Effect of blood dilution and throughput. The level of blood dilution leads to a trade-off between efficiency and throughput. Indeed, reducing the dilution of the blood sample enables faster processing but also results in lower capture efficiency (Fig. 3B). For a 5× dilution of 7.5 mL of whole blood, we can recover 5–15% of the spiked cancer cells in 10 min, while we can collect 27–42% of the cells for 40× dilution but in 75 min. Several causes explain this decrease in capture efficiency with higher blood concentration. First, the higher number of blood cells induces cell–cell collisions, which could kick the cells out of the vortices and may lead to their defocusing during lateral migration in the upstream region. Second, higher red blood cell concentration leads to higher fluid viscosity, which modifies the fluid vortex patterns and results in lower capture efficiency. Interestingly, the purity and enrichment ratio remain the same regardless of blood dilution (Fig. SI4), which indicates that contaminating cells may unstably enter into vortices due to these cell-cell interactions but will be flushed away during the washing step. Moreover, 20× and 10× dilutions performed similarly with an average capture efficiency of 26.9% and 25.8%, respectively, but 10× dilution required half the processing time. Thus, for clinical experiments, blood samples were 10× diluted before processing to enable higher throughput for the same efficiency. With such a dilution, a tube containing 7.5 mL of whole blood can be processed in 20 min in the current device with 4 mL min−1 as the total flow rate, for an estimated throughput of 31 million blood cells per second. We emphasize here that there is some inconsistency for MCF7 capture efficiency in Fig. 2 and 3 for similar conditions. This variation is not due to the device reproducibility (CV of 1.3% for the same cell sample tested with 3 different devices), but appears to be due to variability within the cell line, in which different size and deformability are present between experimental batches. This may be due to cell culture conditions, differences in confluency in the flask and differences in the stage of cell growth.
Effect of EpCAM expression and cancer cell deformability. Leading technologies for CTC capture target antigens such as EpCAM, expressed only by certain cancer types. Here, we compared the recovery and purity for 5 different cancer cell lines from different cancer origins and with different levels of EpCAM expression (Fig. 3D): breast MCF7 and ovarian OVCAR5 carcinomas for high expression (around 500[thin space (1/6-em)]000 antigens per cell),5,68 prostate PC3 carcinoma for medium expression (50[thin space (1/6-em)]000 antigens per cell),5 lung A549 carcinoma for low expression,69 and finally melanoma M395, which are not of epithelial origin.

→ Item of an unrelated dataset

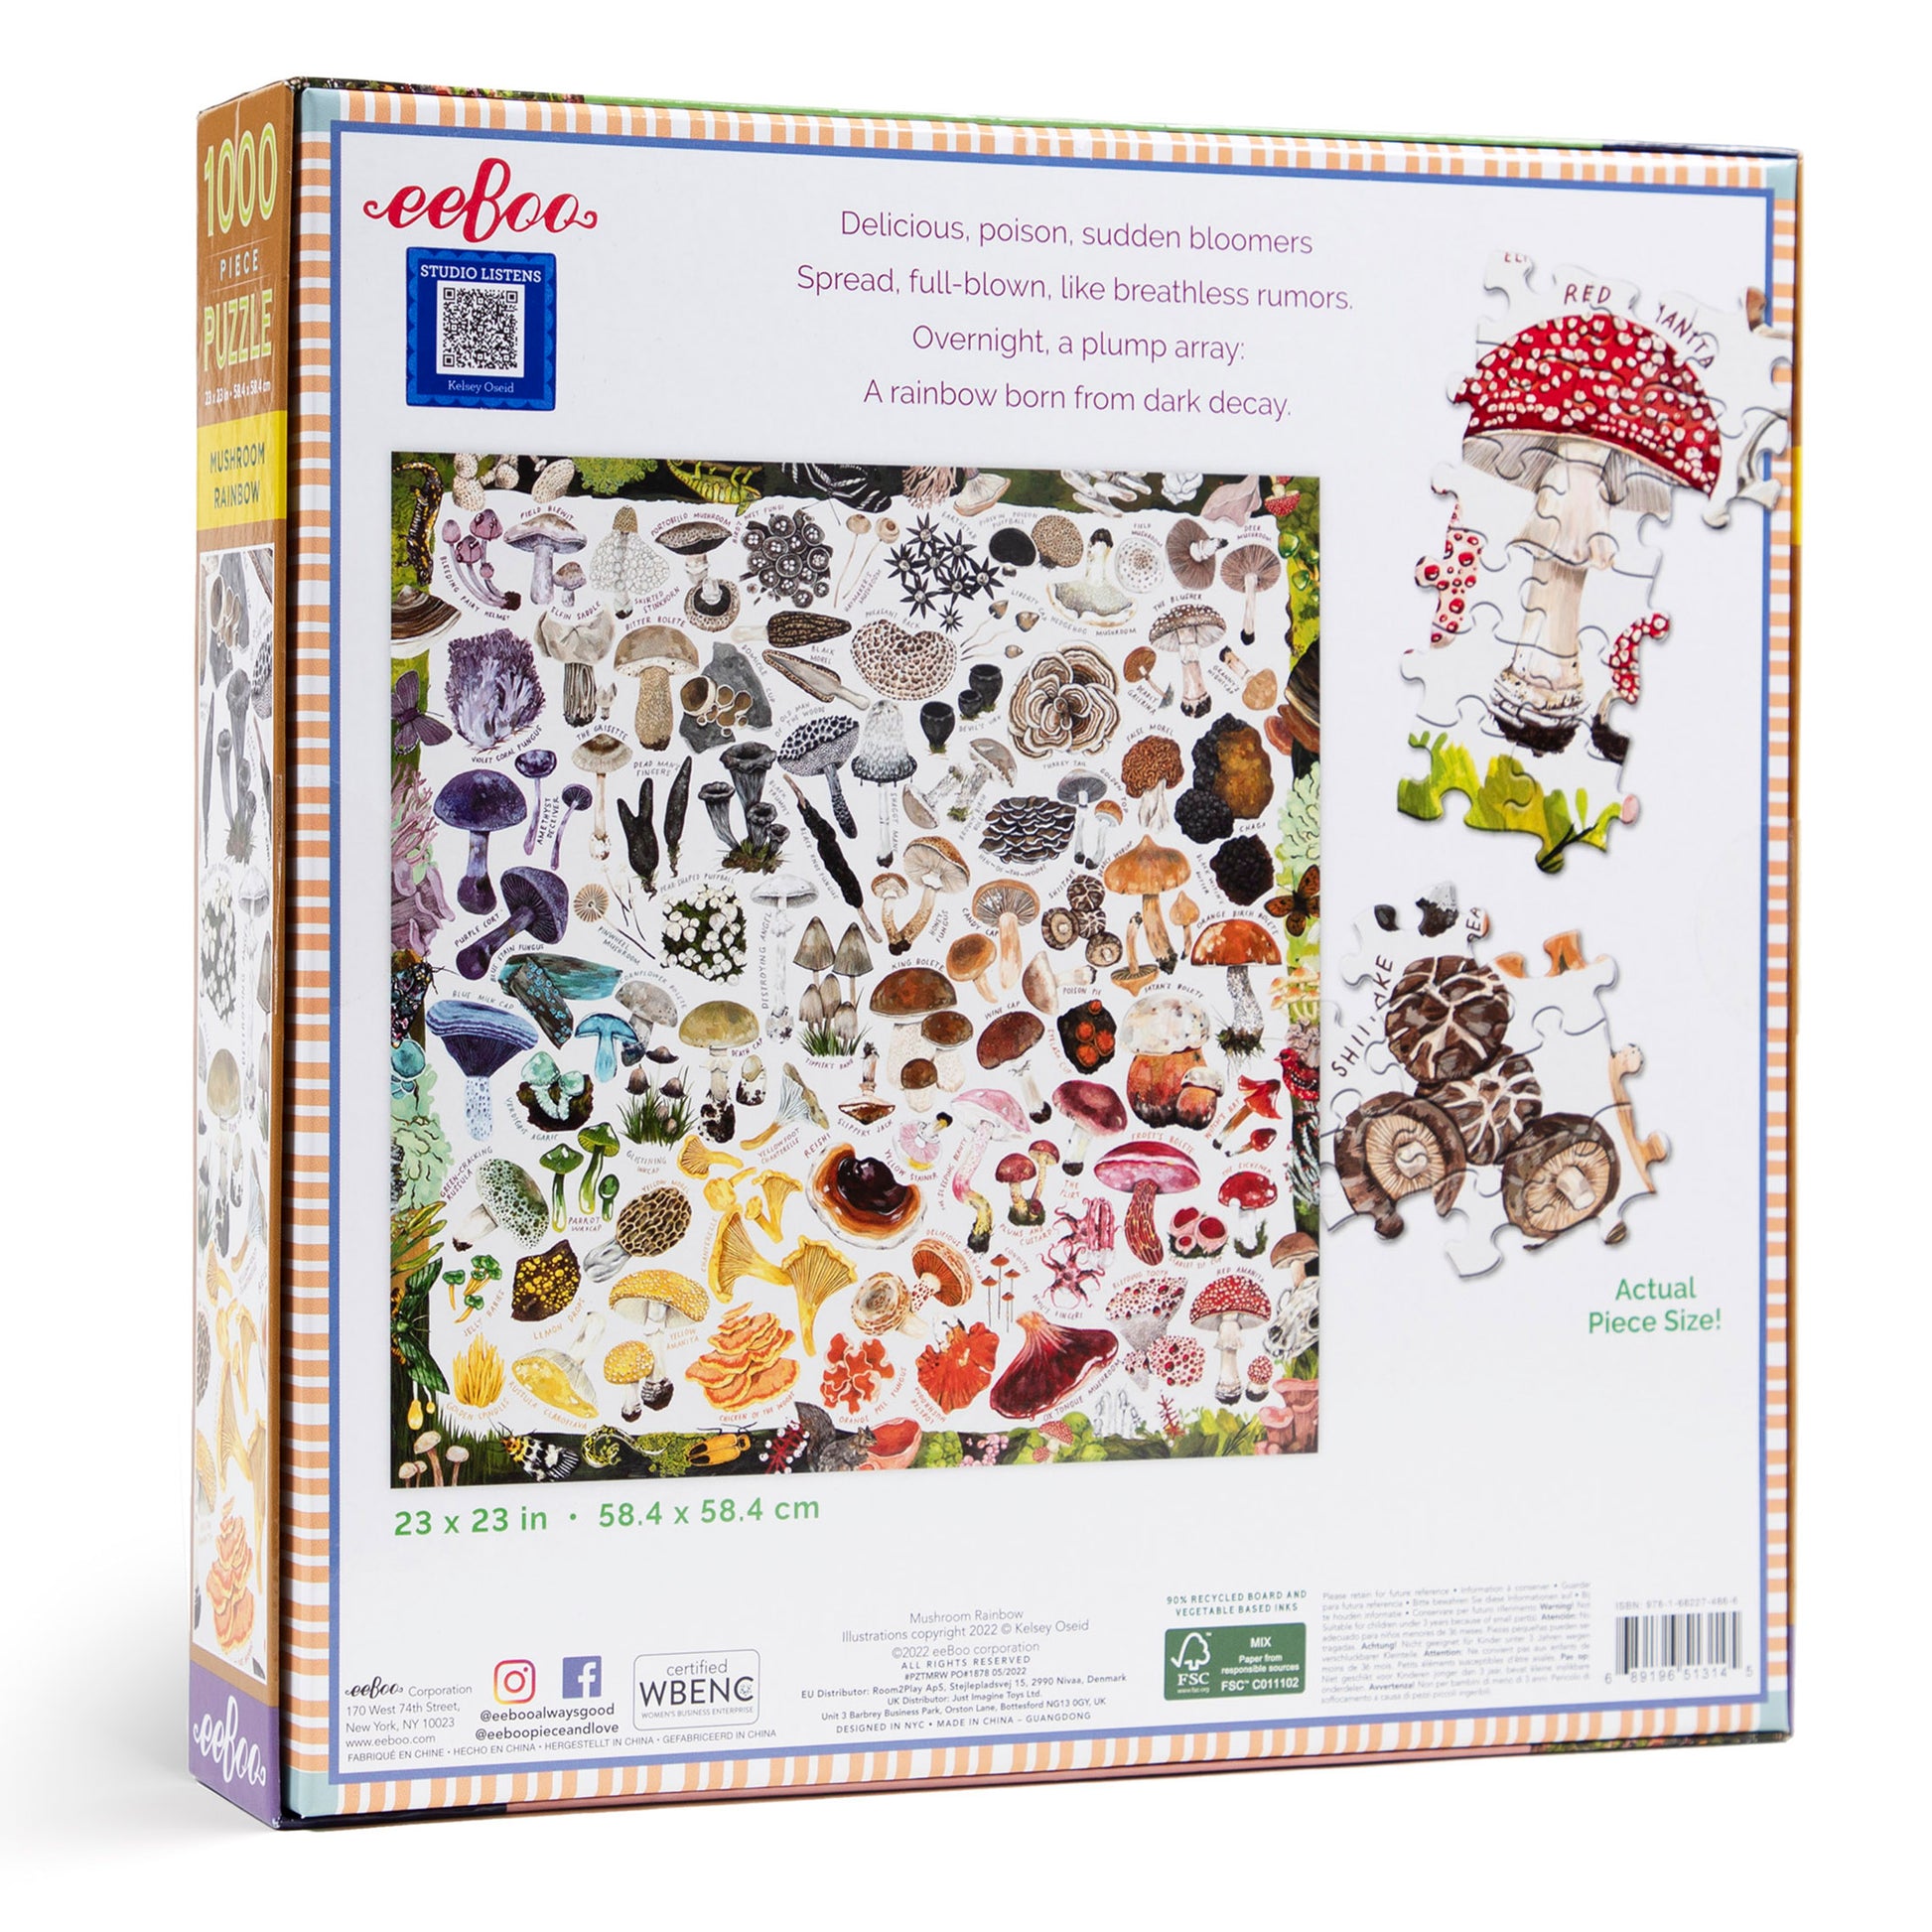 Mushroom Rainbow 1000 Piece Jigsaw Puzzle eeBoo Gifts for Nature Lovers

Melanoma M395 and breast MCF7 have similar sizes (17.7 and 17.7 μm) and are both captured well, with >20% efficiency. Ovarian OVCAR5 are smaller (16.8 μm) but still yield an efficiency of 15.9%. Lung A549 have a size (15.9 μm) closest to the 15 μm size cut-off, which may explain the lower efficiency of 7.7%. Finally, despite their larger size (18.2 μm), prostate PC3 are extracted at efficiencies below 9%. Interestingly, independent of cell line and capture efficiency, the purity of cells enriched is higher than 75%. Thus, Vortex technology is not restricted to epithelial cells only, and does not need costly antibodies or antibody cocktails. However, it would require that cancer cells possess larger diameters than normal blood cells.35

In addition, work by Hur et al. showed that more deformable particles are inertially focused at equilibrium positions closer to the channel center55 and this could address the inconsistent correlation between capture efficiencies of similarly sized cells. More deformable cells will be focused further away from the vortices and may not experience shear gradient lift forces large enough to cross the separatrix. Such an effect should also occur in other recent inertial microfluidic approaches.45,46 To test this hypothesis, cancer cells were processed in the Vortex Chip in parallel with Deformability Cytometry65 (Fig. 3C). Deformability Cytometry is a high-throughput, inertial microfluidic technique, which utilizes hydrodynamic forces to quantify deformability of cell populations (Fig. SI5). As expected, MCF7 cells (18.9 μm) yielded the greatest capture efficiency (26.4%) and were the least deformable (1.6 median deformability). M395 cells of similar size (19.3 μm) but greater deformability (1.9 median deformability) were isolated at a lower rate (19.4%). As illustrated in ref. 70 for LNCaP prostate cell lines and prostate patient CTCs, cell lines and CTC populations exhibit considerable differences, in level of protein expression but also size, nuclear structure, cytoplasmic area, and consequently deformability. These differences, which result from, among others, the culturing conditions used for cell lines, are critical to consider when translating from cell lines to isolating CTCs from patients.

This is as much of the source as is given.